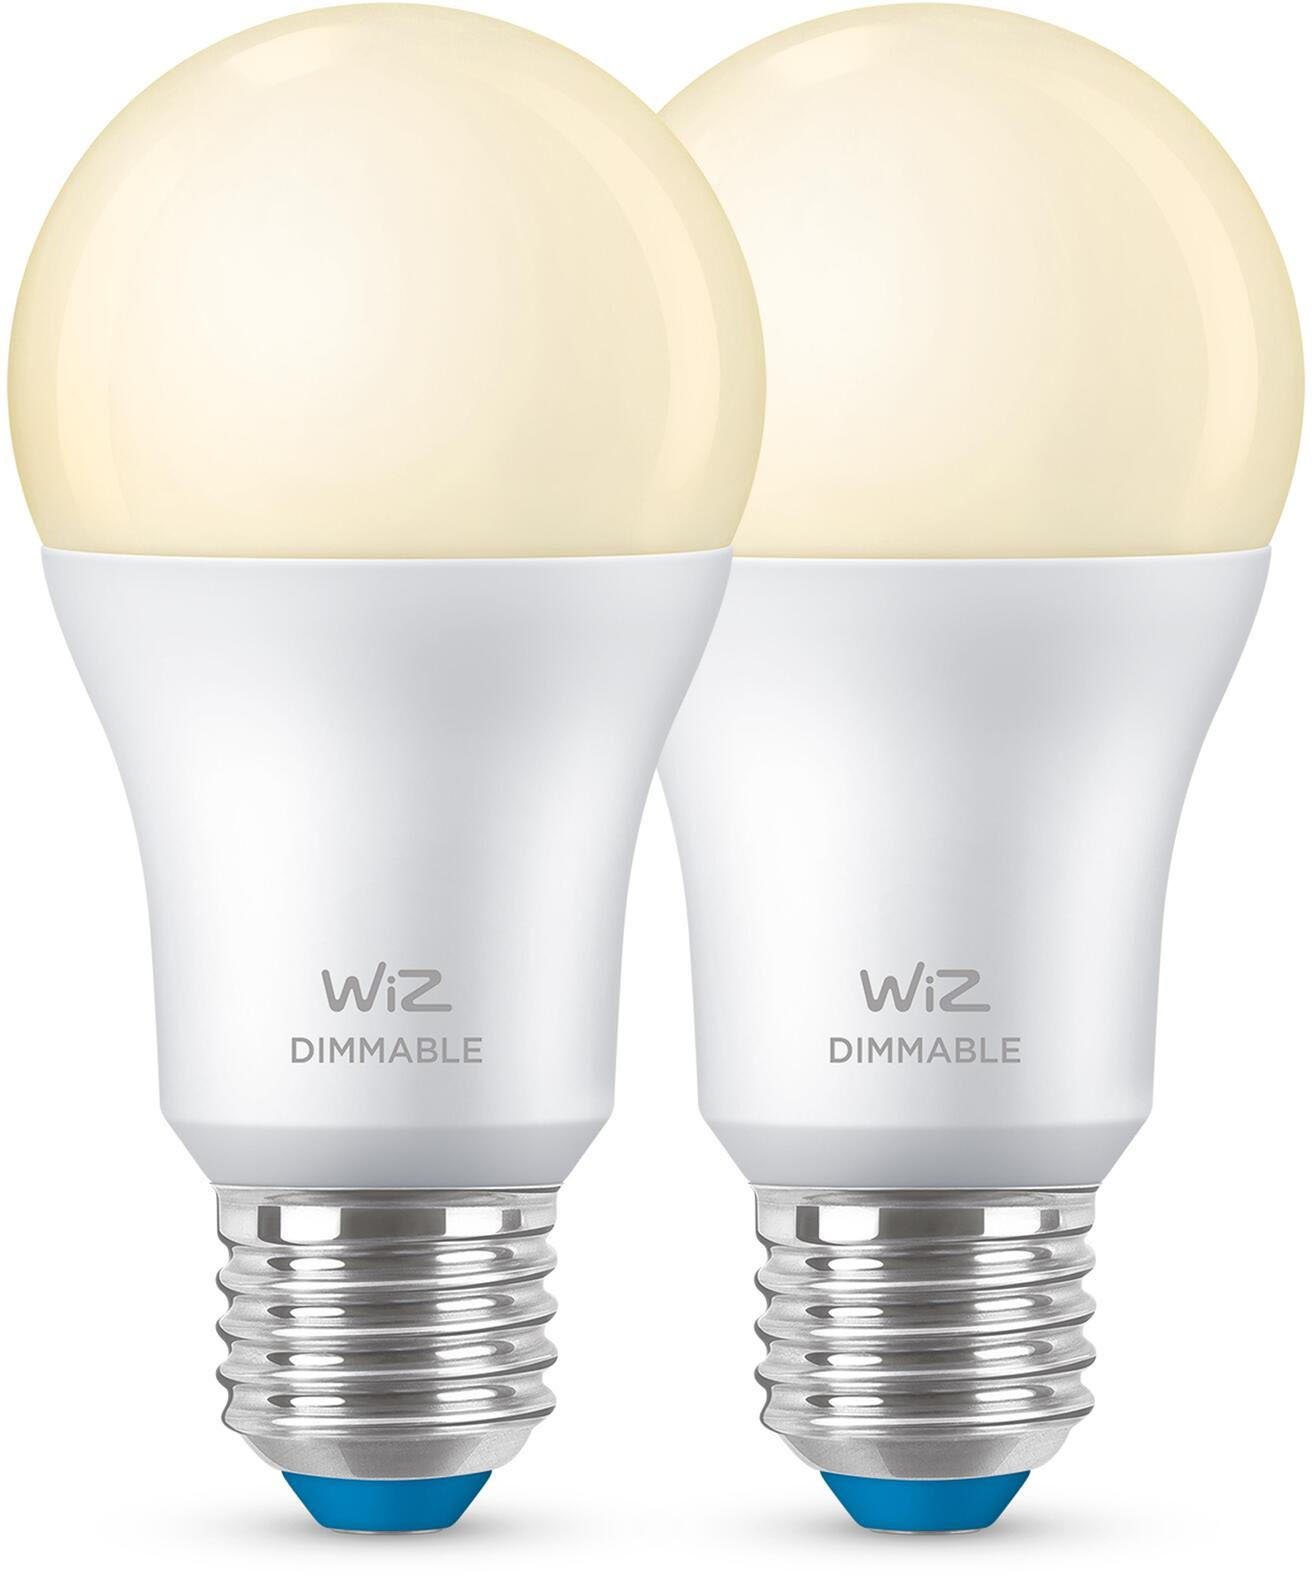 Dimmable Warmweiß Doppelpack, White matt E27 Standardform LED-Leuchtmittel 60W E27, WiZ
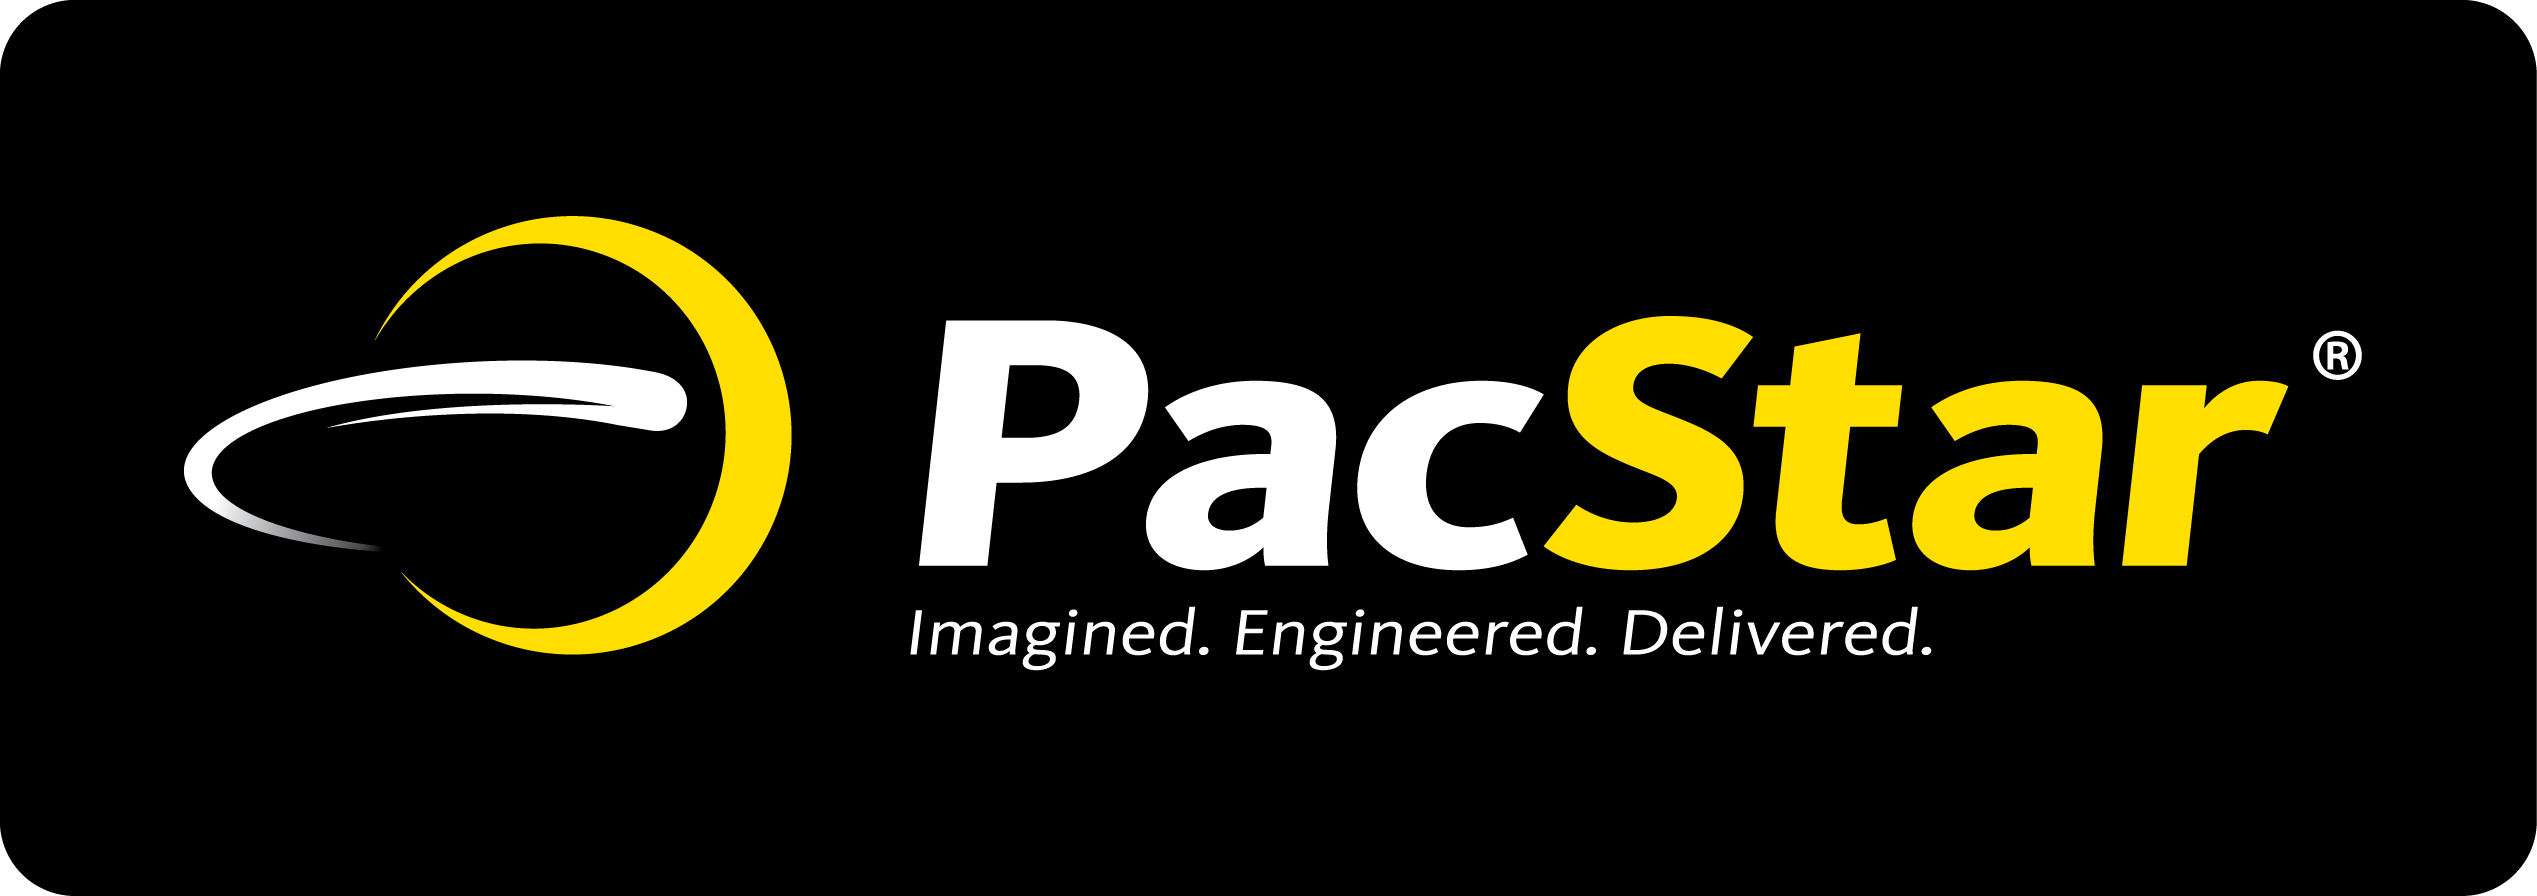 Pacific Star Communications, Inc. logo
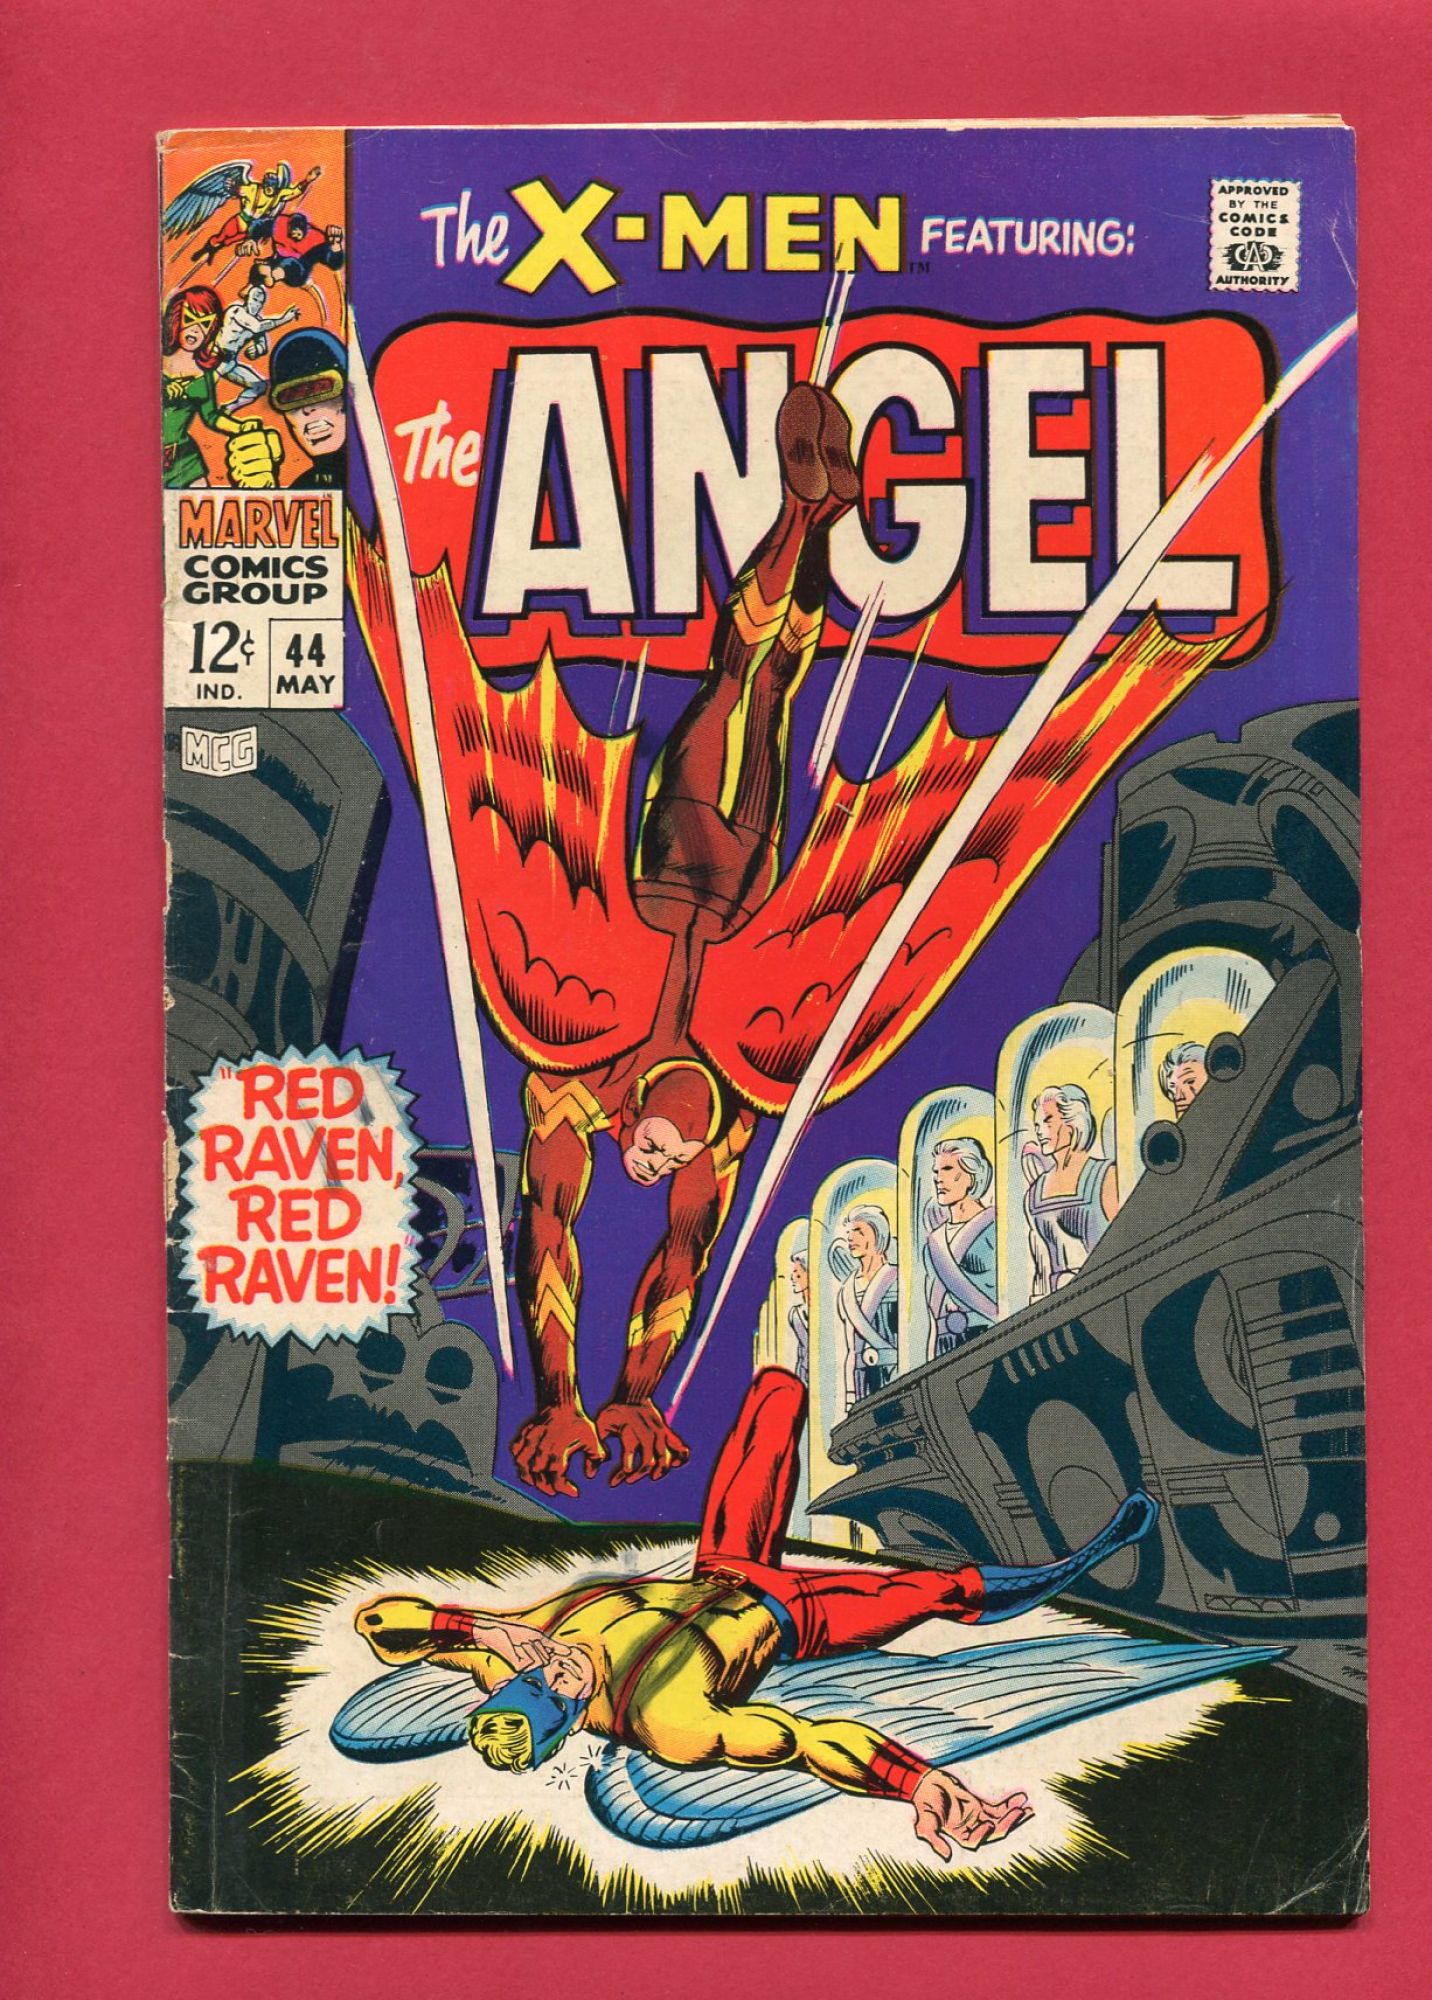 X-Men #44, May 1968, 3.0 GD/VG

★ ★ ★ ★

◆ Work instruction:
The pictures are not wanted, but every line of the listing should be duplicated exactly.

◆ Task output:
 Dimmable Warmweiß Doppelpack, White matt E27 Standardform LED-Leuchtmittel 60W E27, WiZ
 Pacific Star Communications, Inc. logo
 X-Men #44, May 1968, 3.0 GD/VG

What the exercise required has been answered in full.